While Tiltman can’t speak directly to the level of trust between clients and agencies in Asia-Pacific, he can point to the region’s performance in the creative effectiveness category at this year’s Cannes. Only 8 percent of Creative Effectiveness Lions came from Asia—a fairly lacklustre total when compared against 36 percent from Europe, 13 percent from Australasia, 24 percent from North America and 12 percent from Central and South America.
“I’d like to say Asia is gaining ground in terms of client partnerships, but that would be overly optimistic,” says Waters. “My observations would be that MNC marketers for many businesses are under pressure and have been from some time. That pressure gets pushed outwards to their whole supply chain. It has become harder to secure long-term valued relationships.”

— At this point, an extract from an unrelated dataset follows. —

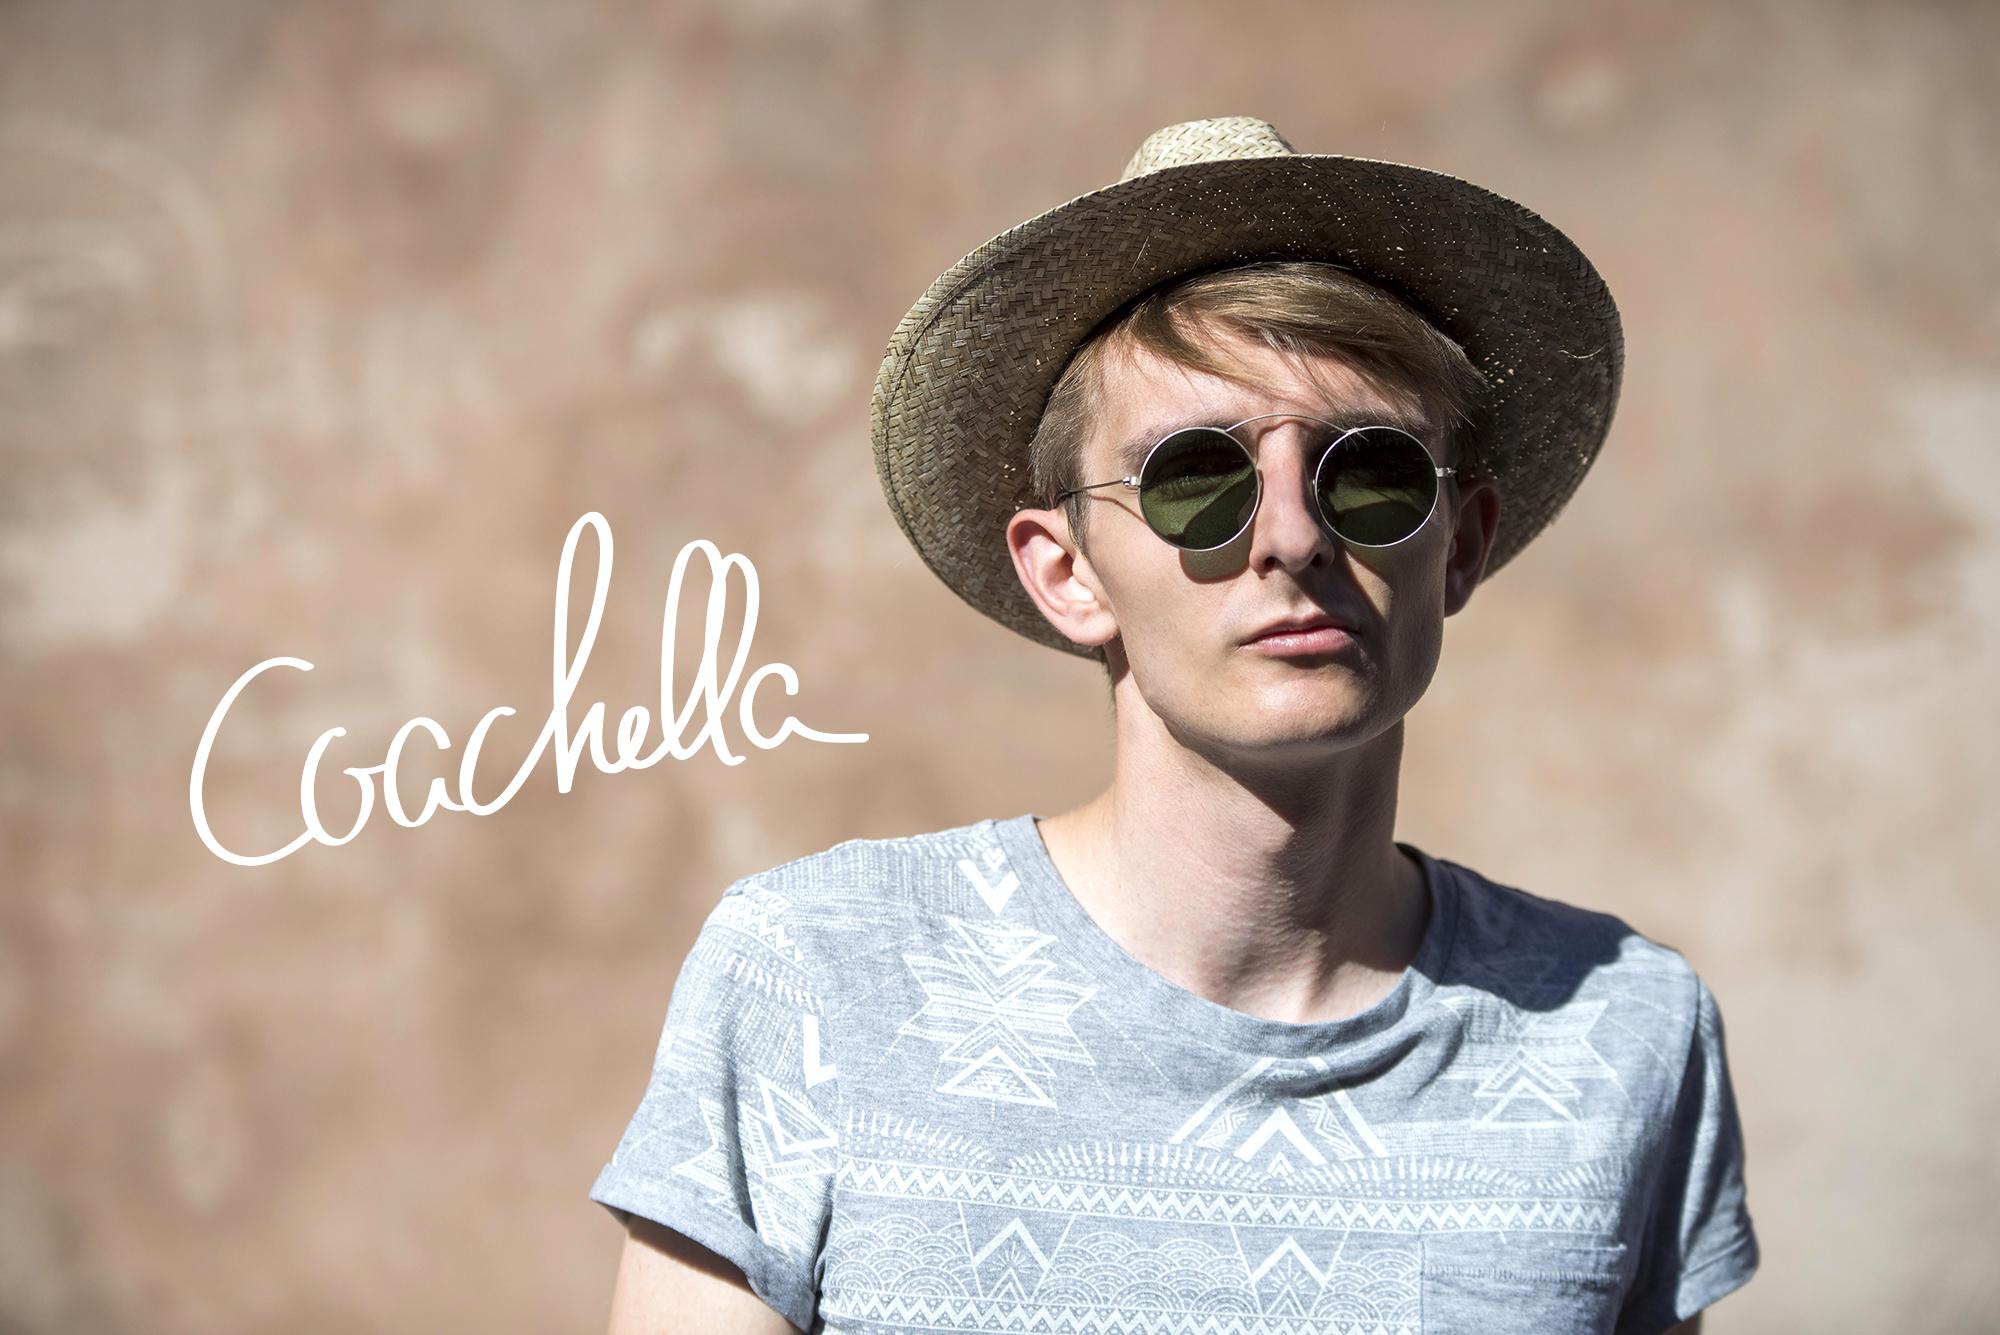 coachella-look-man-lookbook-men-menstyle-festival-style-boho-vintage-hm-blog-mode-homme-strasbourg-paris-french-blogger-2

Strong cultural influences are also influencing the dynamic, observes Waters. “What I’m about to say is a generalisation, but there is truth in every generalisation. Many Asian markets and business cultures are highly transactional, and I think that can be a little bit short-termist. Another aspect that can’t be overlooked, is that some Eastern cultures a supplier is by definition subservient to the client.”
However, any agency that thinks it’s in a full partnership with a client is fooling itself, says Sansom. “Agencies are a vendor. The client is the leader. But good leadership needs trust.”
The value of creativity
A conclusion that can be drawn from the interviews for this article is that many Asian cultures and markets don’t place a high value on creativity, or the creative process. The late Tim Broadbent, former global effectiveness director at Ogilvy & Mather, once observed in an opinion piece for Warc that much of the work asked of them by Asian clients was extremely functional.
“There is plenty of evidence that creativity is effective, but short-term goals have halved that impact,” says Tiltman, citing an IPA study.
The client’s perception of creative work isn’t aided by their creative and media agencies competing with each other, comments Levent Guenes, CEO of Havas Worldwide Southeast Asia. “There’s an undoubted desire in the marketplace to have greater unification of creative and media thinking throughout,” he says adding that the Havas Village approach is aimed at filling this void.
Perhaps the ideal creative condition Asia’s agencies have to strive the hardest for is one that values creativity and the creative process. The challenge for the industry’s leaders, then, is to communicate these values clearly to clients.
“There is a strong cultural element to what type of work is valued, and leadership can go a long way towards setting the tone,” says Waters.